The lines in the listing below are to be given again exactly, starting at the line holding "Знакомства Тамбов, фото" and ending at the line holding "Size 12 Sweetheart wedding dress". Do not include pictures.

_PROVIDED DATA:_
════════════════

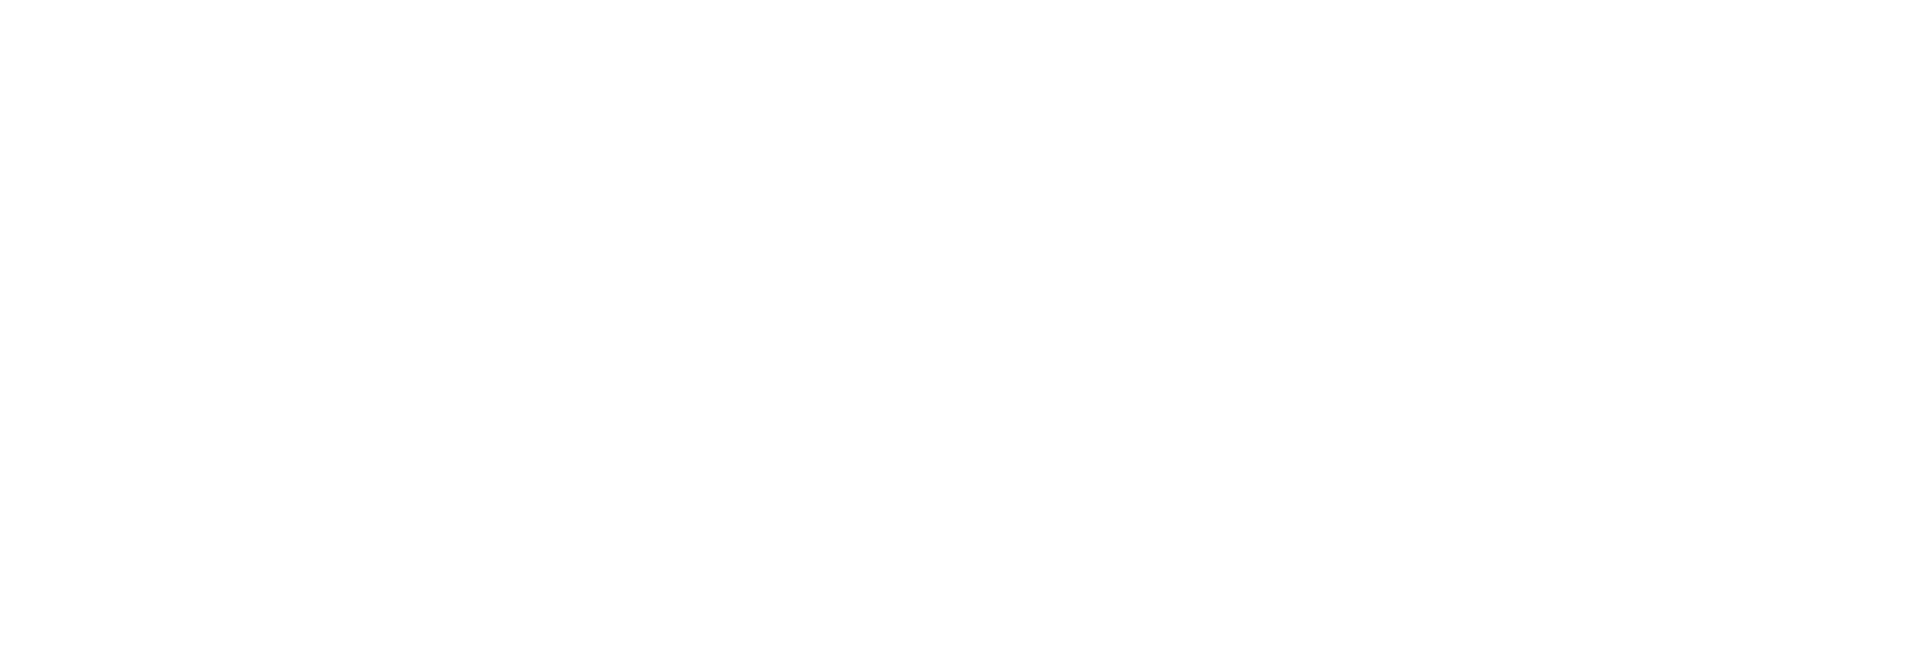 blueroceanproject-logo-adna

════════════════

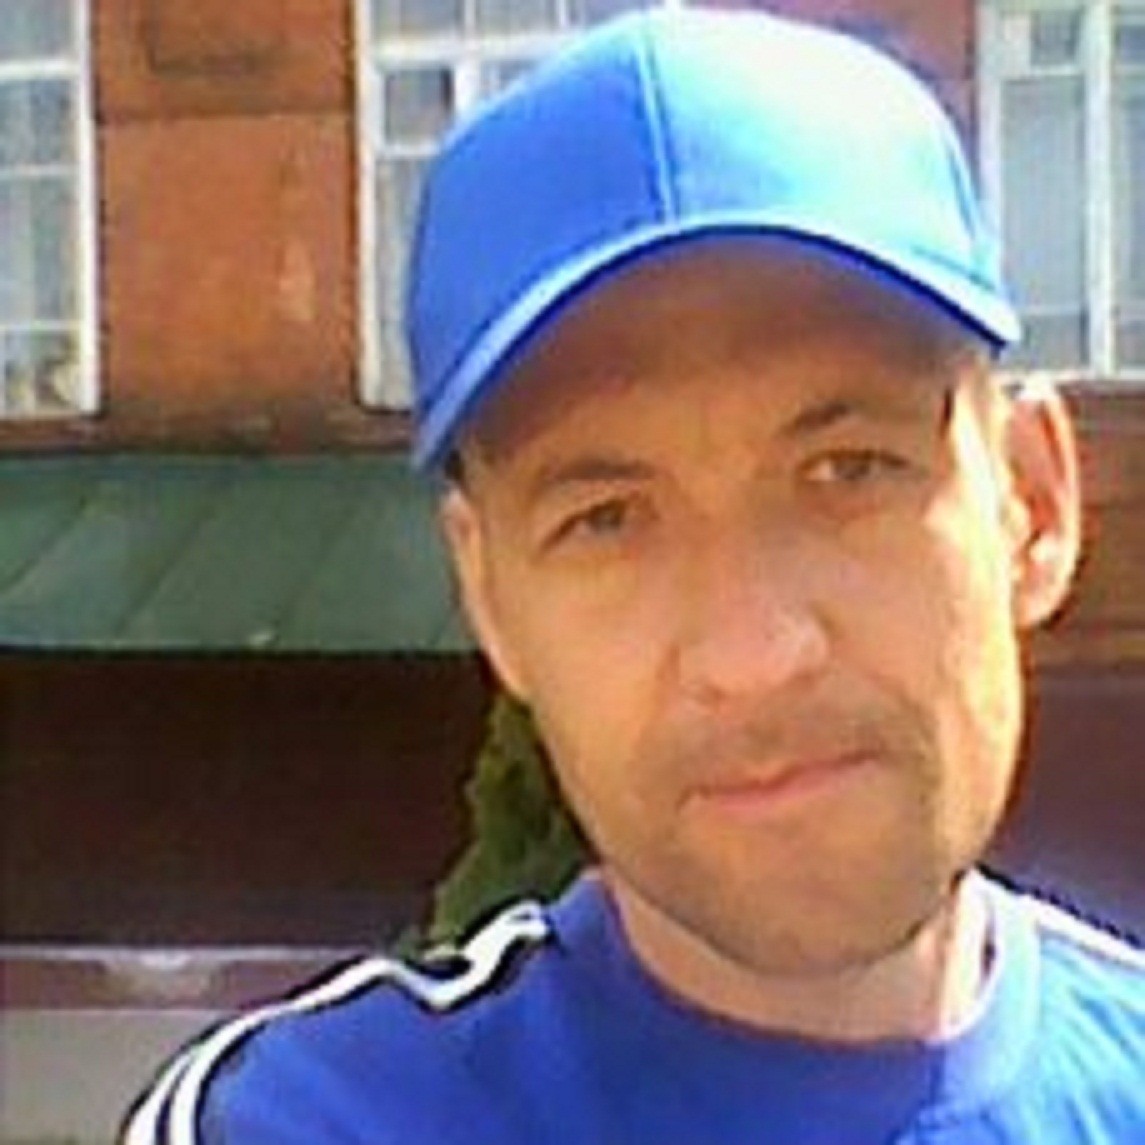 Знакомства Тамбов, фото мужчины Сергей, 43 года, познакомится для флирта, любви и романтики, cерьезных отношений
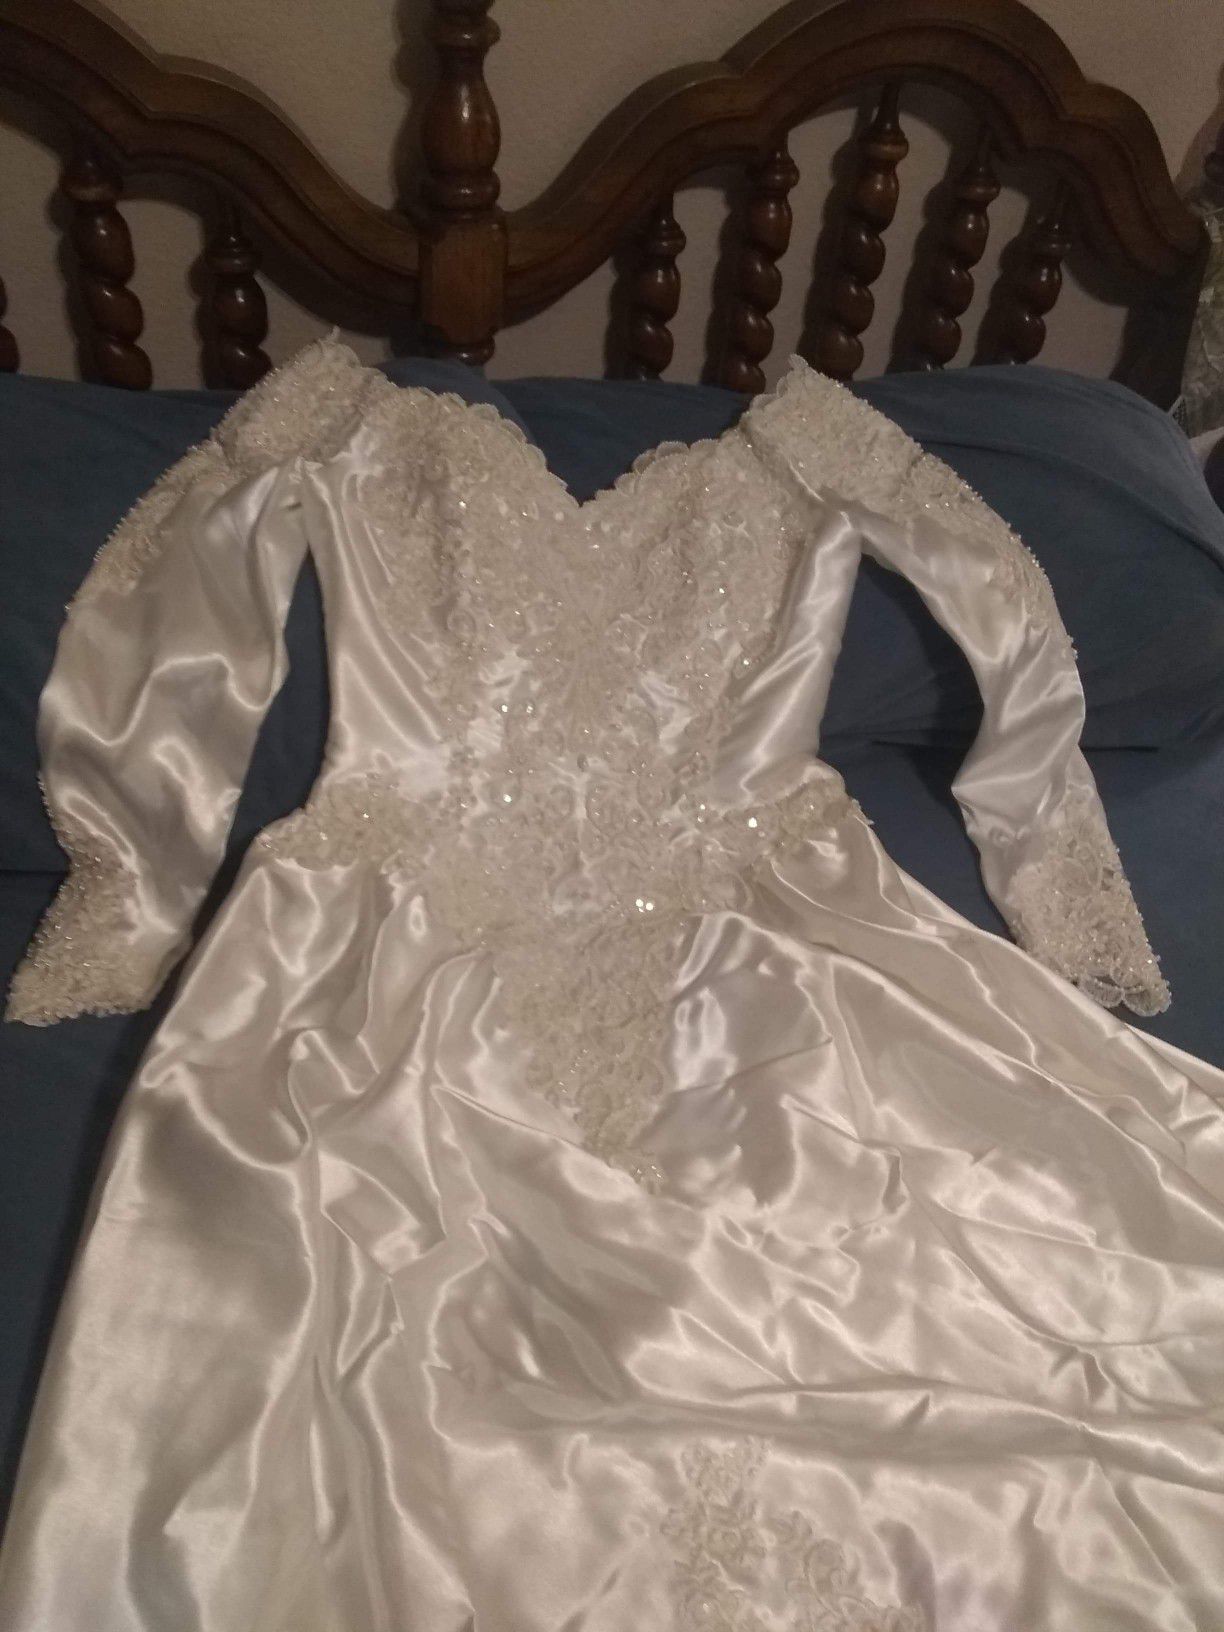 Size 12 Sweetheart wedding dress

════════════════

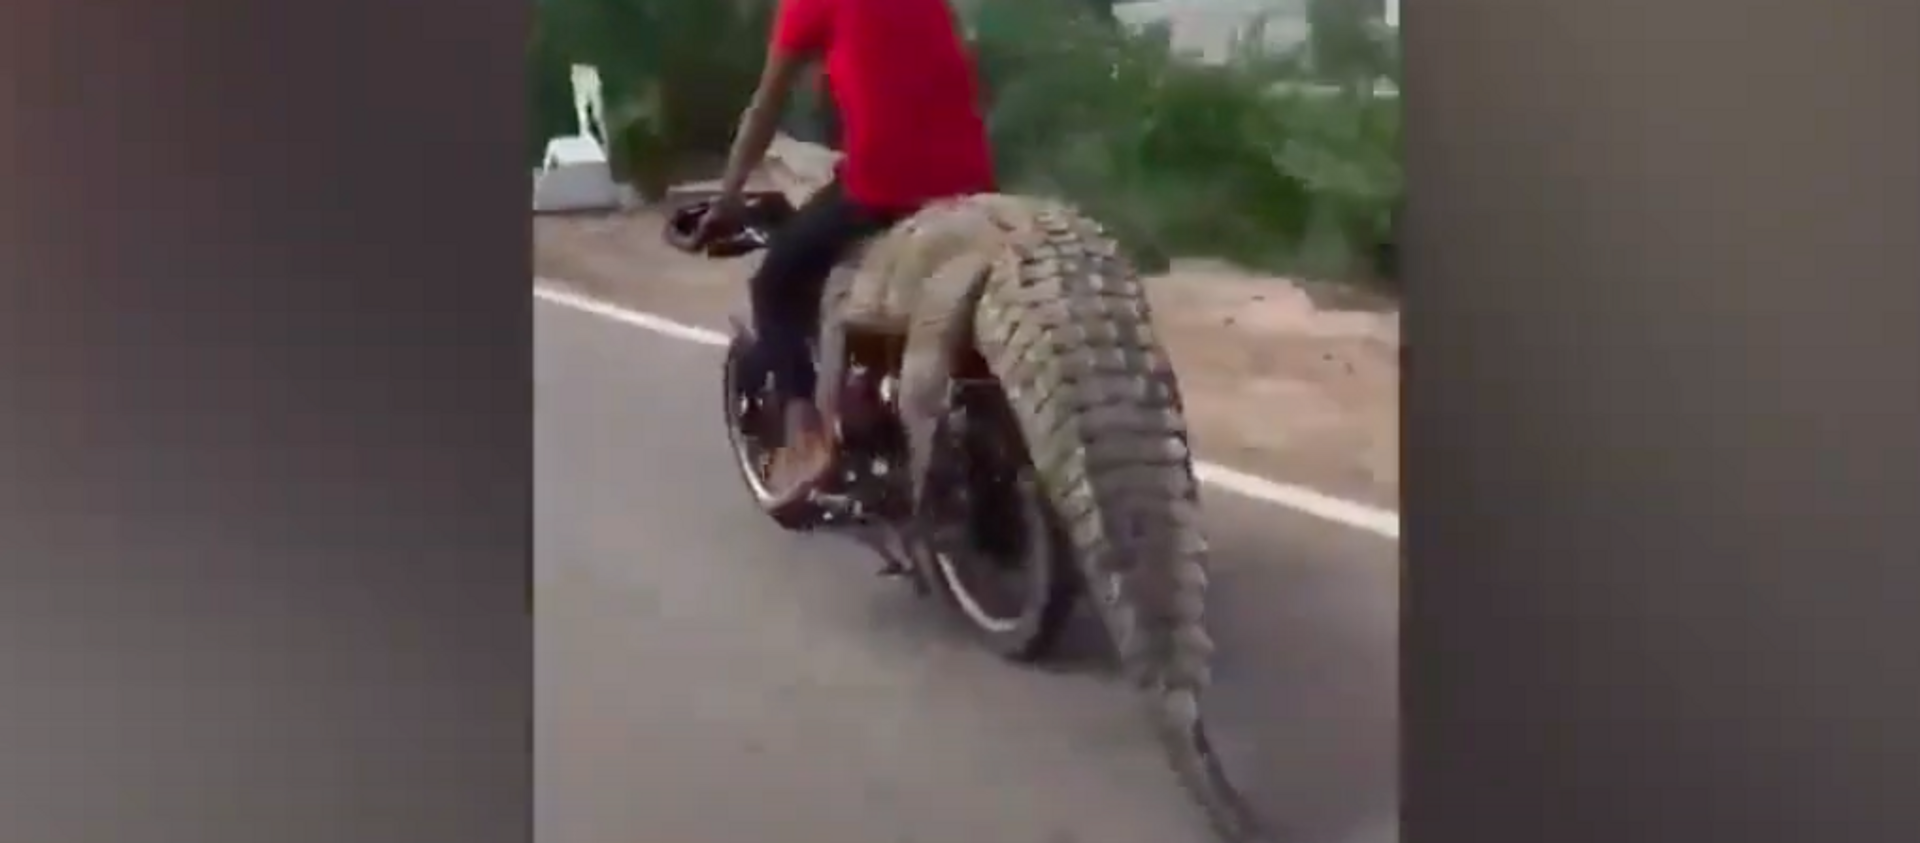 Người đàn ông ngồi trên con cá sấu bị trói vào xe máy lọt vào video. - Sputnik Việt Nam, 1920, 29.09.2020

════════════════

_ANSWER TO THIS EXERCISE:_
 Знакомства Тамбов, фото мужчины Сергей, 43 года, познакомится для флирта, любви и романтики, cерьезных отношений
 Size 12 Sweetheart wedding dress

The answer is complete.